OVCARE’s research has been powered by the gynecological tumor bank and the Cheryl Brown Gynecological Cancers Outcomes Unit. Through the course of research, a plethora of molecular and genomic data was historically held by researchers that generated them. Similarly, clinical data from chart reviews are obtained to support clinical studies and held with clinicians. These data were in incompatible formats that needed significant manual manipulation and curation to be integrated. Moreover, each collection was governed by different ethics agreements that restricted the use of data and kept it in silos. This was becoming a barrier to novel data-intensive research, requiring the integration of multiple data sources; undertaking such projects was challenging, time consuming, and prone to errors. The OVCARE leadership had recognized that current research needs were not being met through existing infrastructure.
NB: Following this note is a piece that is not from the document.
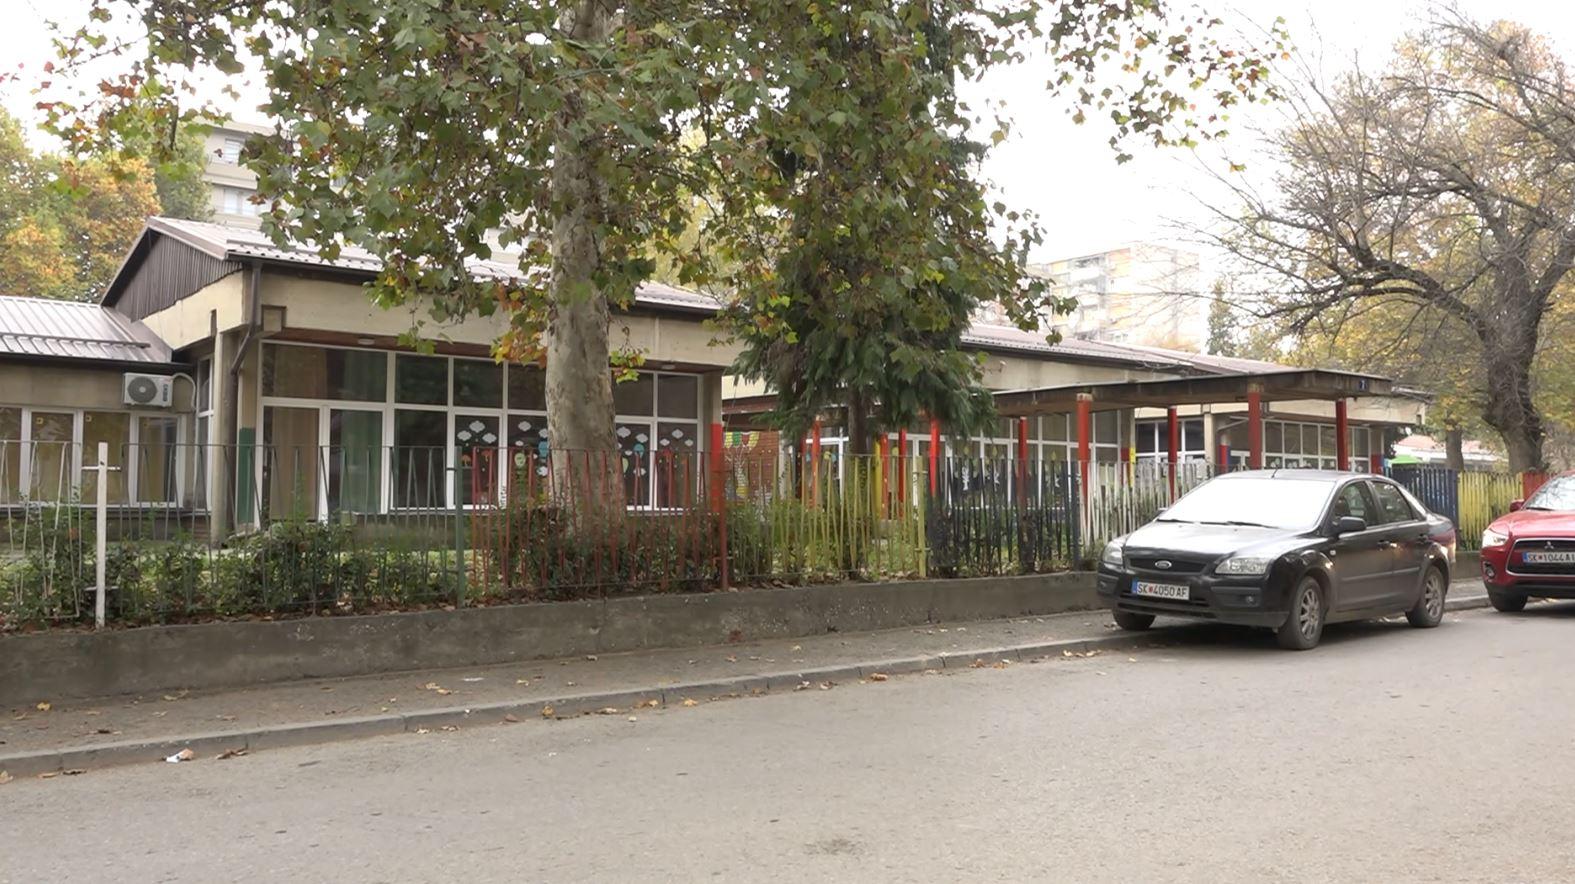 70% e fëmijëve në Maqedoninë e Veriut nuk regjistrohen në çerdhe

A broad stakeholder engagement effort in 2016 kicked off, with the objective to work with researchers, clinicians, scientists, and technicians at various institutions, to map out a collective future vision, identifying research needs and re-thinking present infrastructure. Engagements with key stakeholders identified research priorities, which were expanded into a list of fundamental requirements (Table 1) relevant to the collection and optimization of biospecimen, clinical, and molecular/genomics data, as well as a governance model of the resulting infrastructure. In addition to generating efficiency, limiting errors and honoring patient consent, fundamental research requirements included the maximization of secondary use of data, which enables data collected for one purpose to be reused in a completely different context. For example, chemotherapy drugs dispensed at our pharmacy are collected for administrative purposes (billing) but can also be used to link with patient phenotype, genotype, and outcome to investigate which patients benefit from these therapies more than others. Another important need was to generate novel research hypotheses by considering simultaneously various data that could never before be considered at the same time. Patterns that may not have been obvious previously may emerge to drive future innovative research. Another important need was to use translational studies to help inform patient care, as well as use data generated from patient care to ask new research questions, with the goal of continuously trying to better fill gaps in understanding of disease etiology and progression. In upcoming sections, we further describe more of these requirements in greater detail.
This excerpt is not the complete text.